> **Extracted material**:
──────────────────────────────
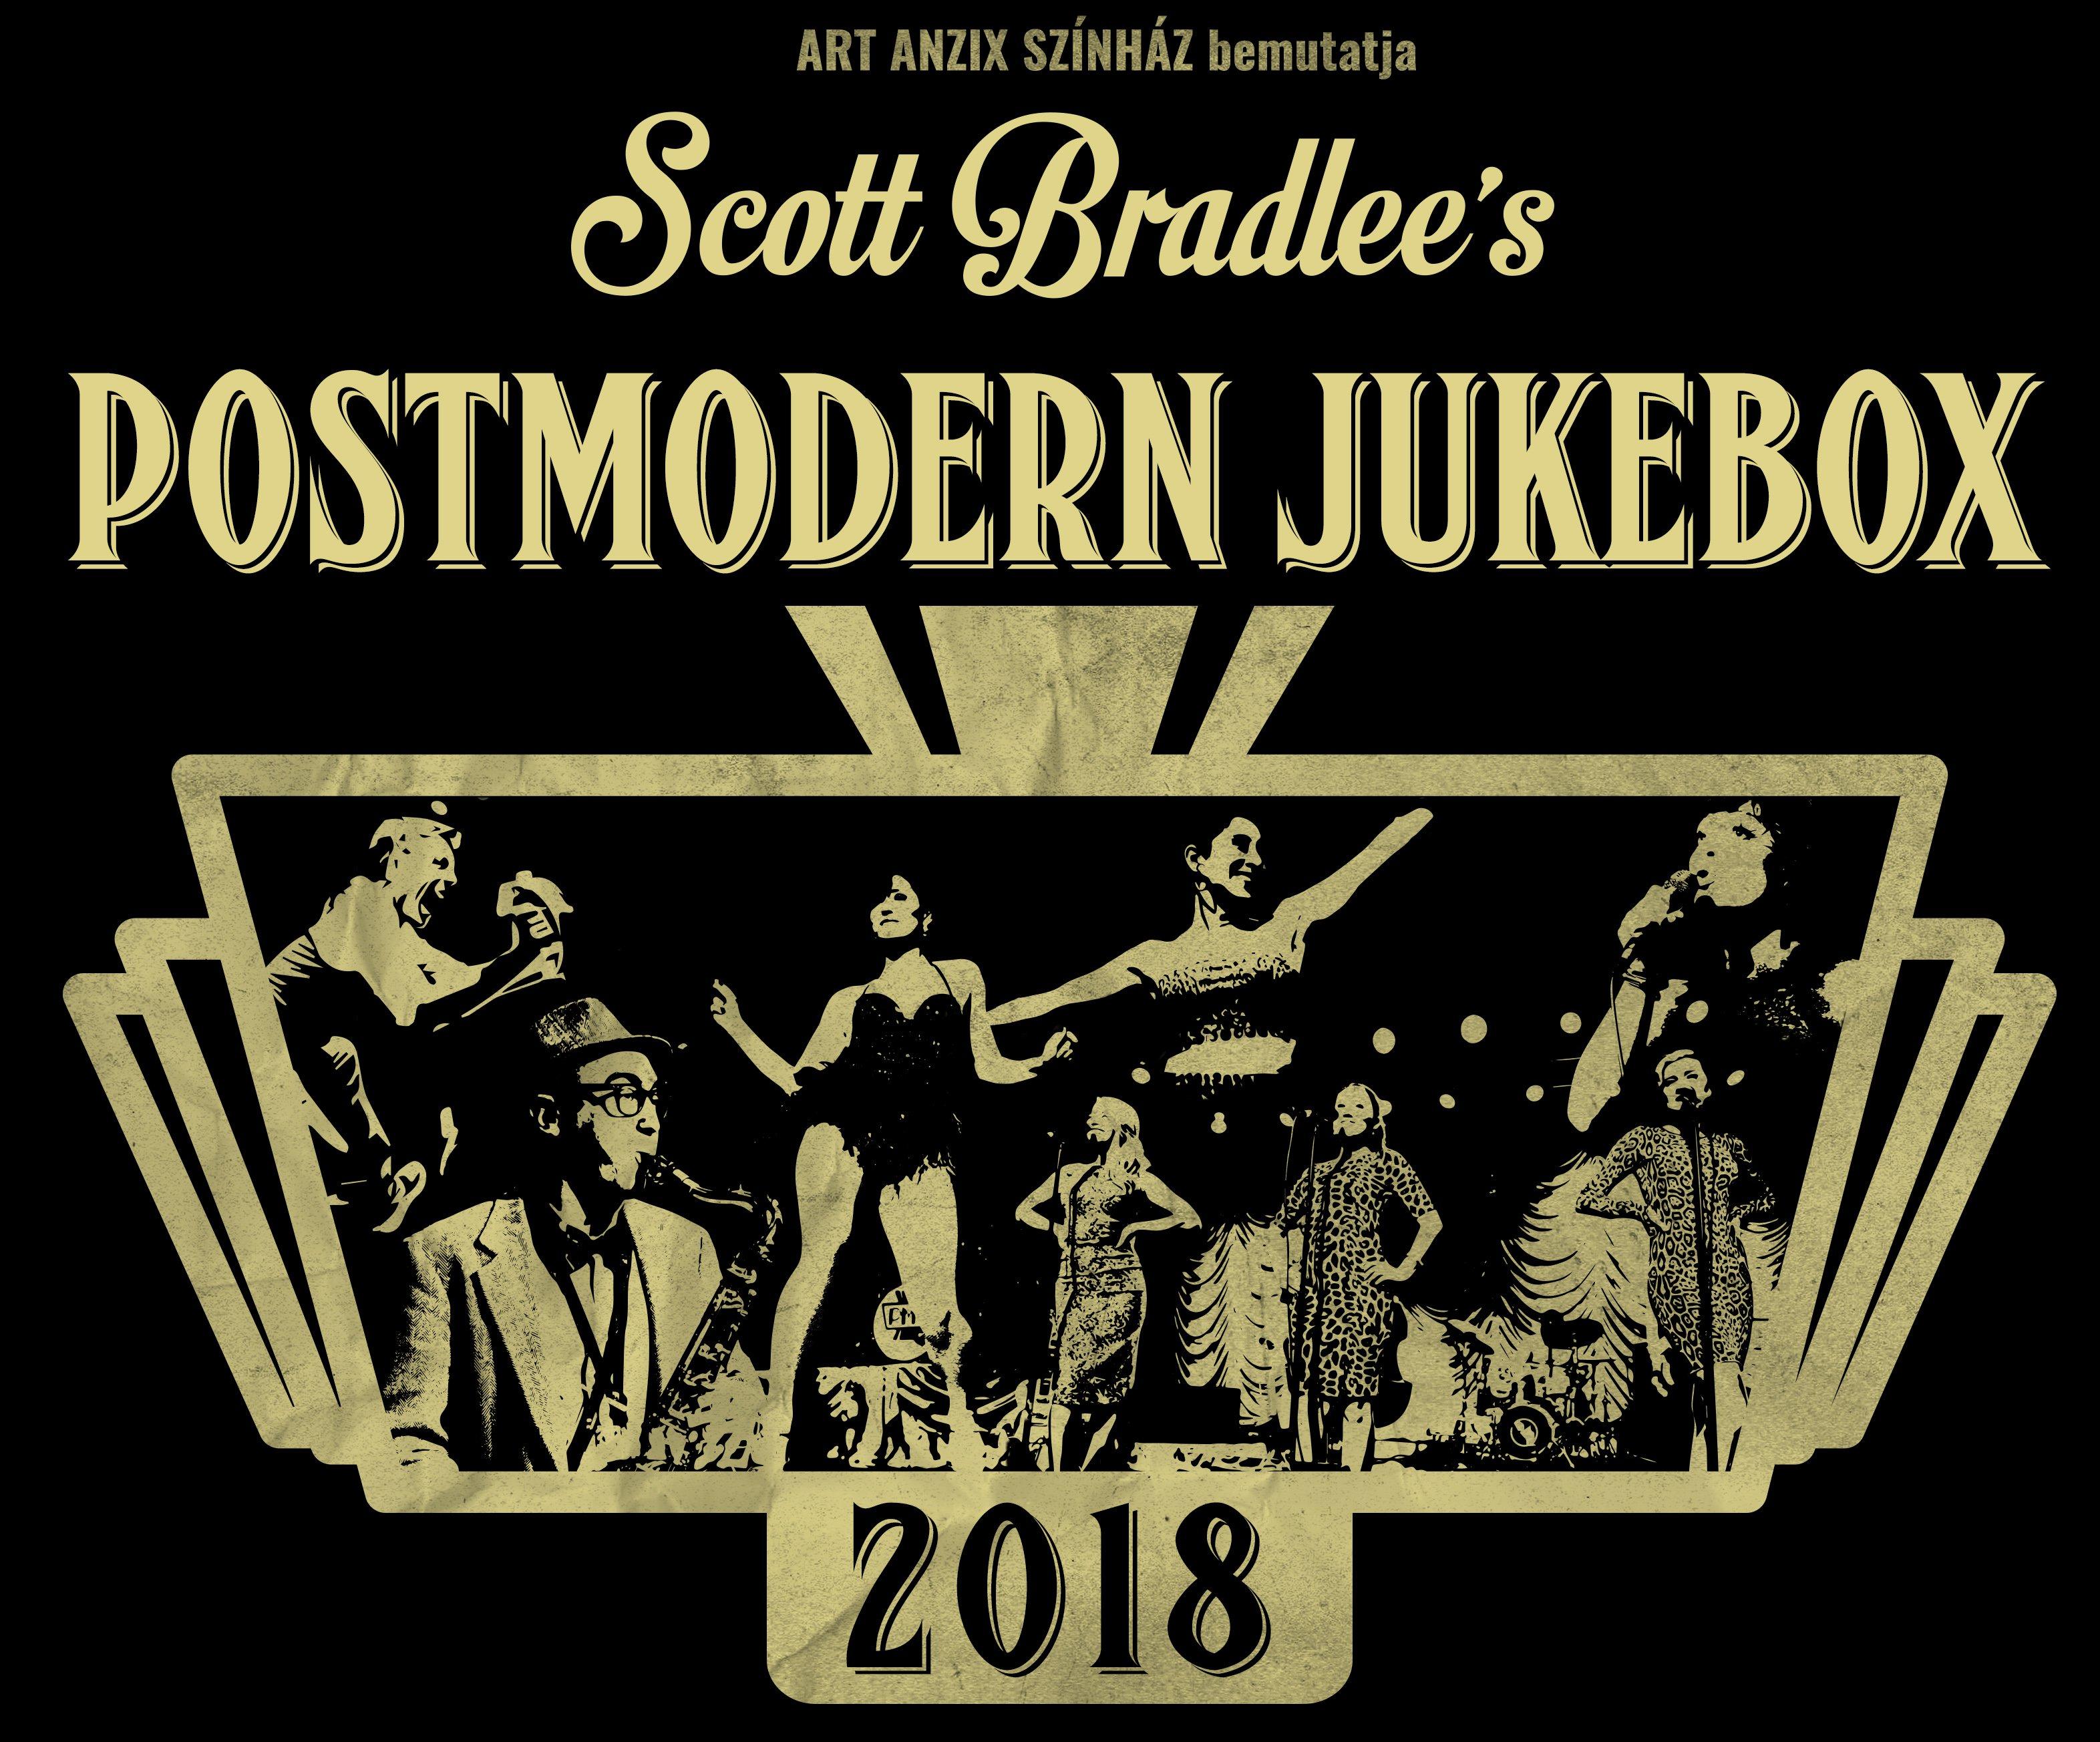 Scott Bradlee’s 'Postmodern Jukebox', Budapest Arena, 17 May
──────────────────────────────
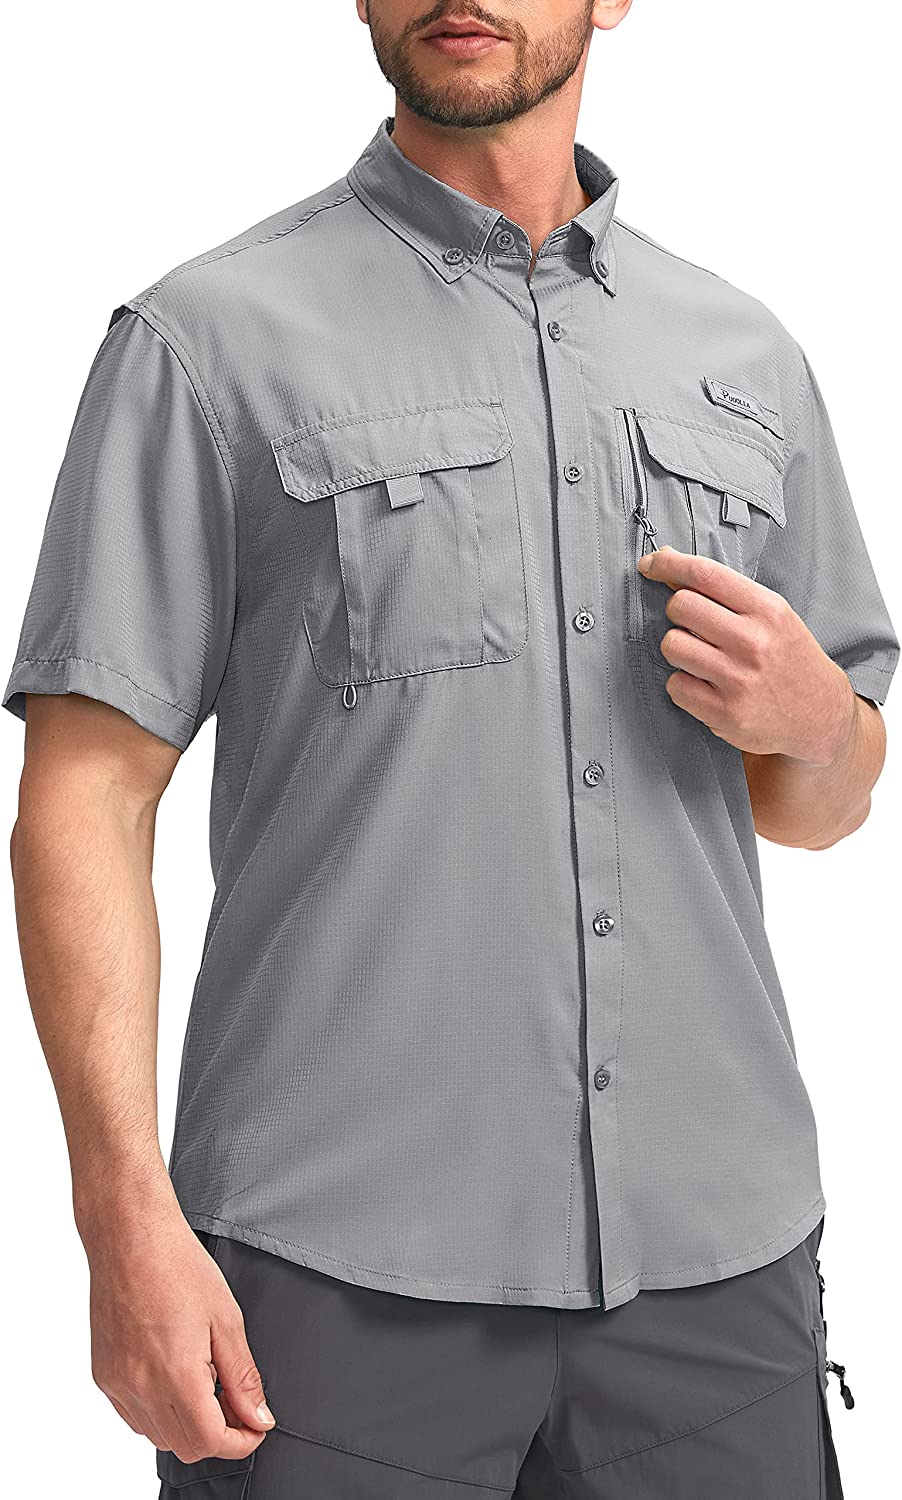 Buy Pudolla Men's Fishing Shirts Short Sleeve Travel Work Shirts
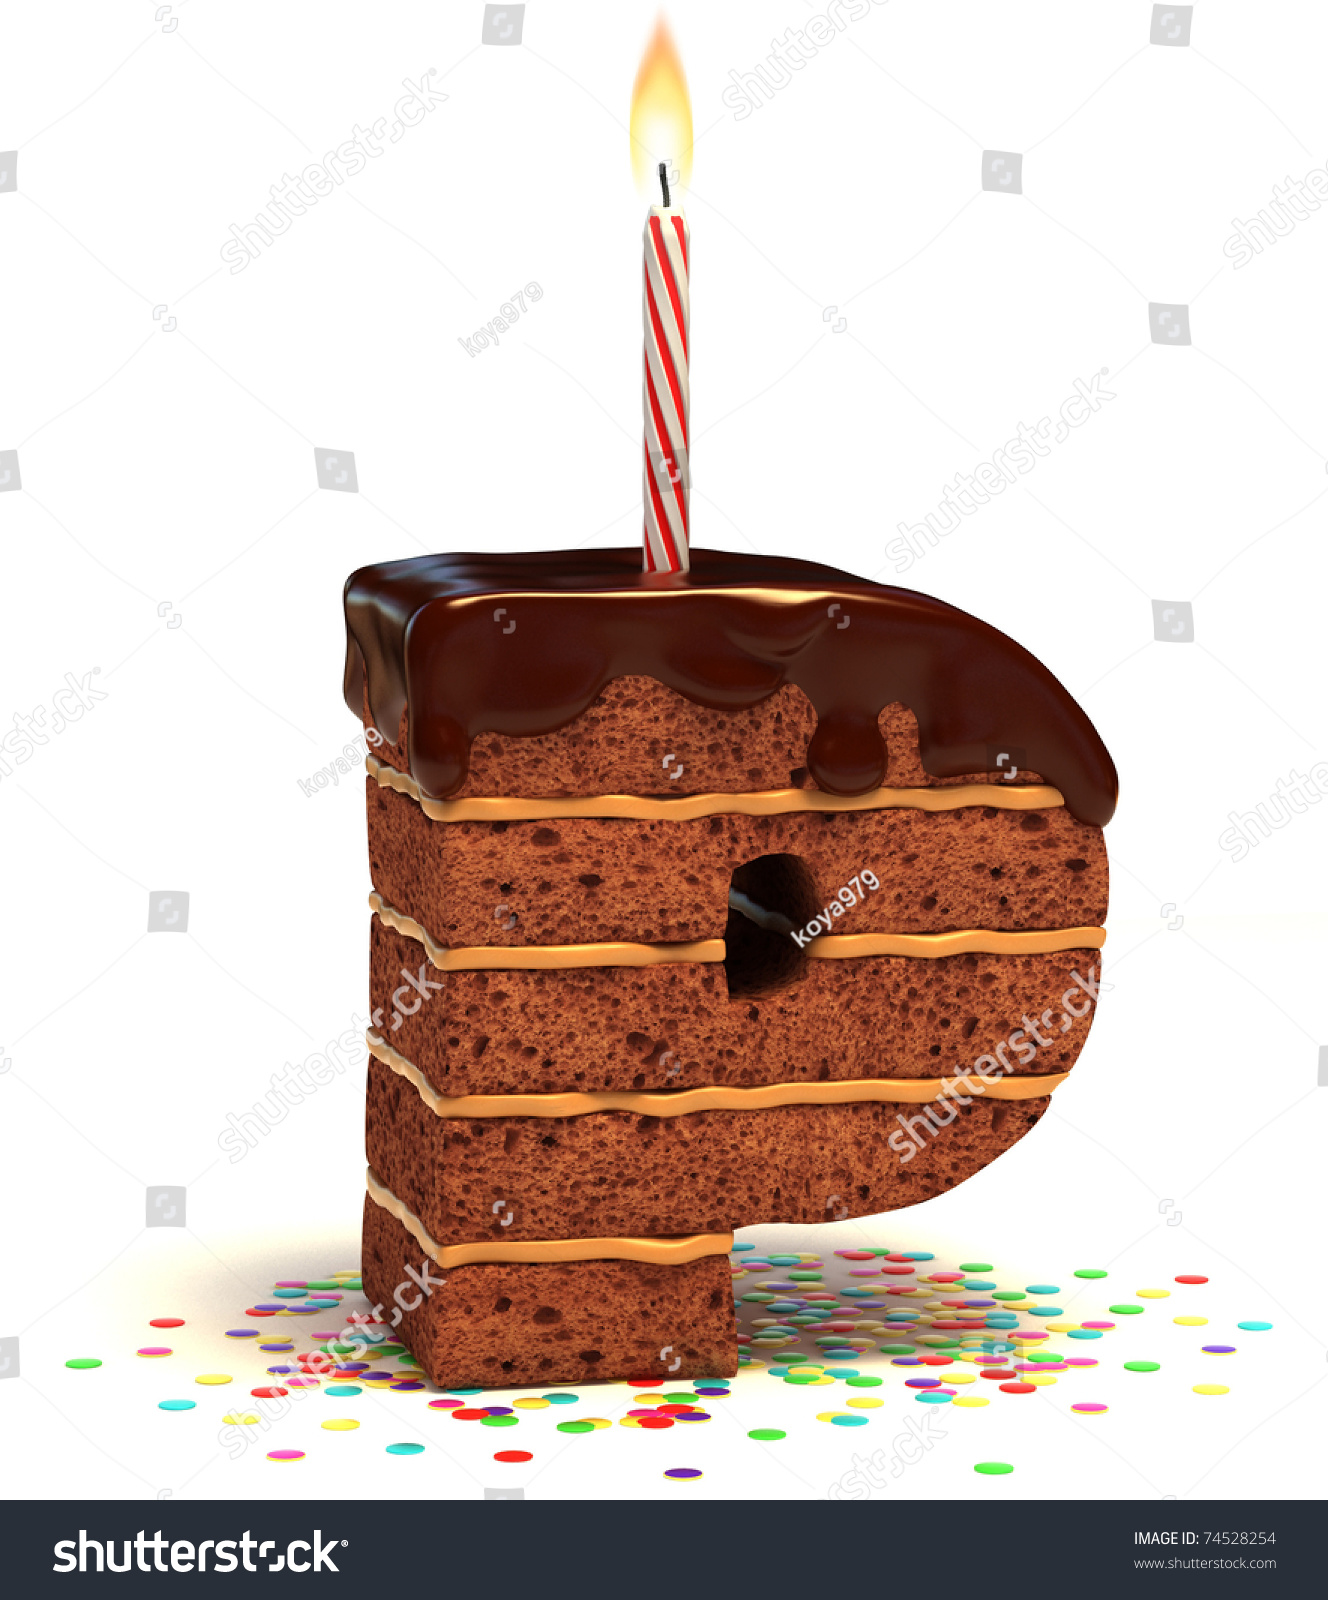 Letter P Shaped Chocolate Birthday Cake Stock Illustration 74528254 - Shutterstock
──────────────────────────────
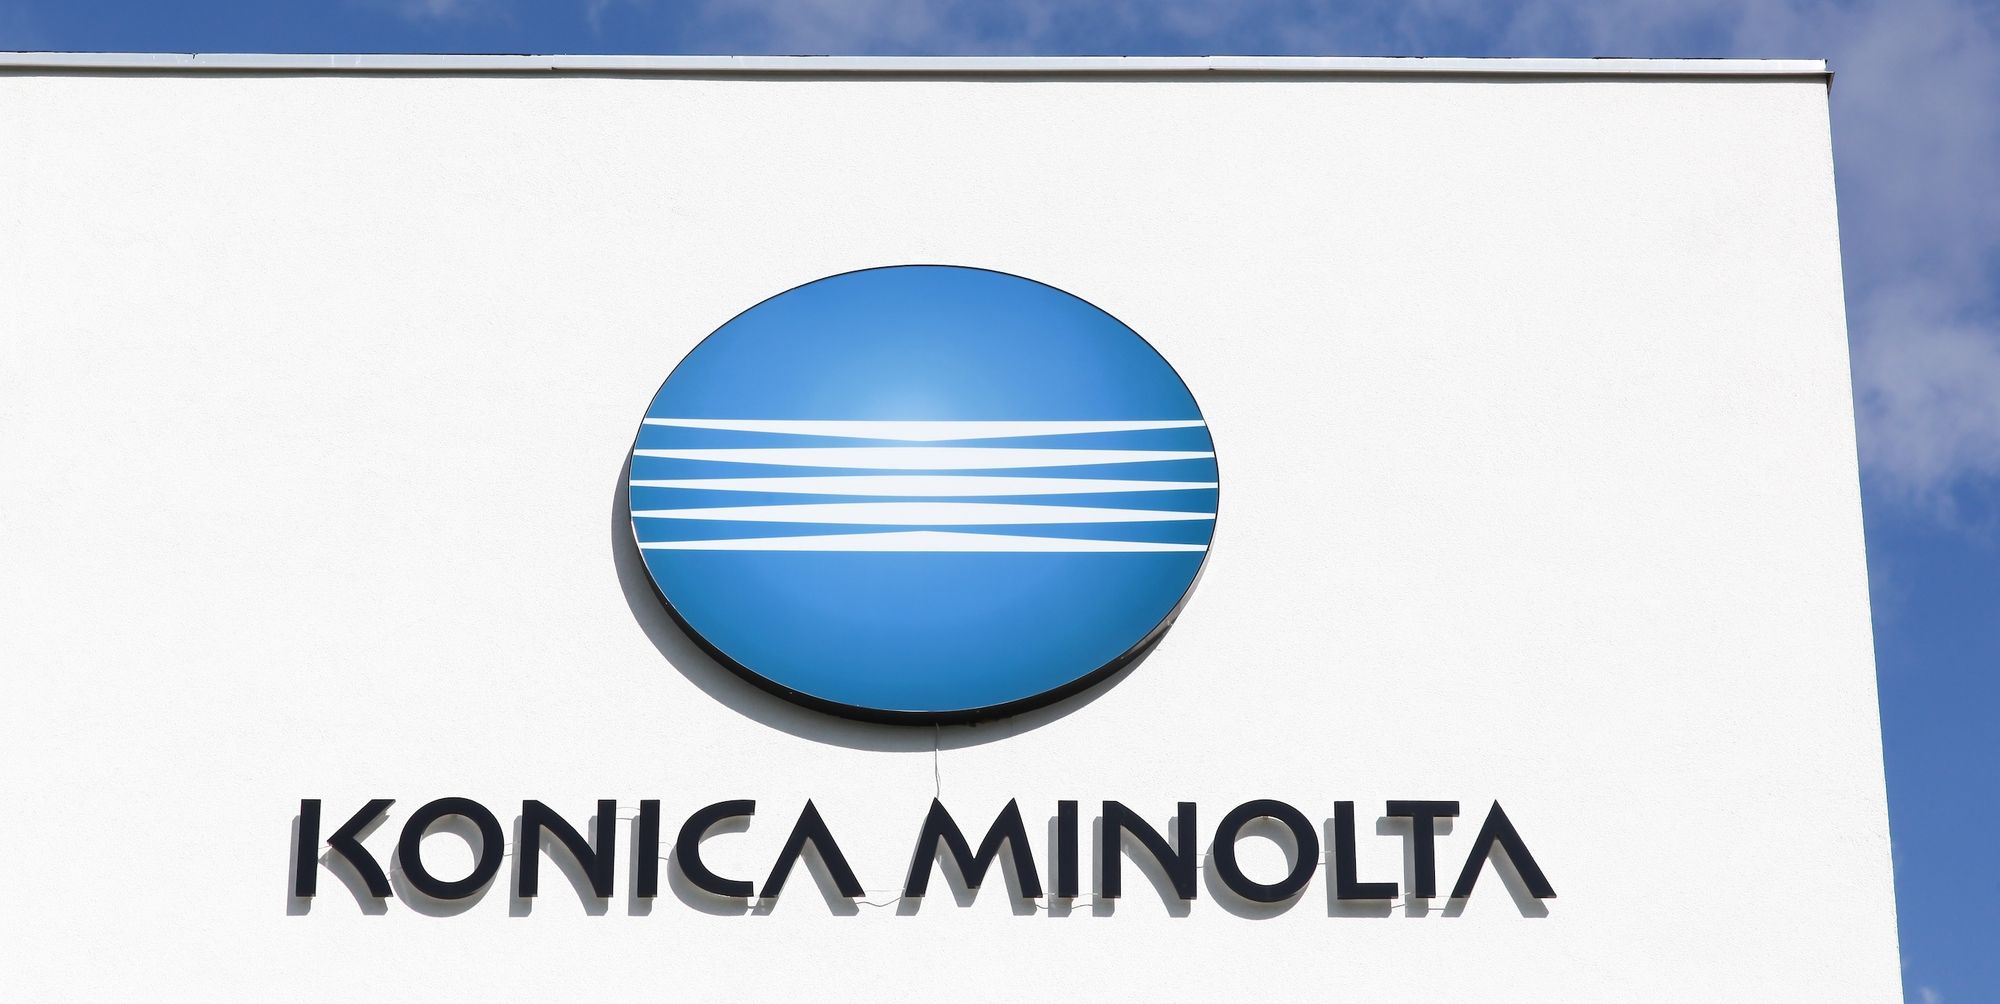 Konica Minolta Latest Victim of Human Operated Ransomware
──────────────────────────────
In the entries above, find the line that contains "Buy Pudolla Men's" and the line that contains "Letter P Shaped". Reproduce exactly those two lines and every line between them, but not the pictures.

> **Task answer**:
 Buy Pudolla Men's Fishing Shirts Short Sleeve Travel Work Shirts
 Letter P Shaped Chocolate Birthday Cake Stock Illustration 74528254 - Shutterstock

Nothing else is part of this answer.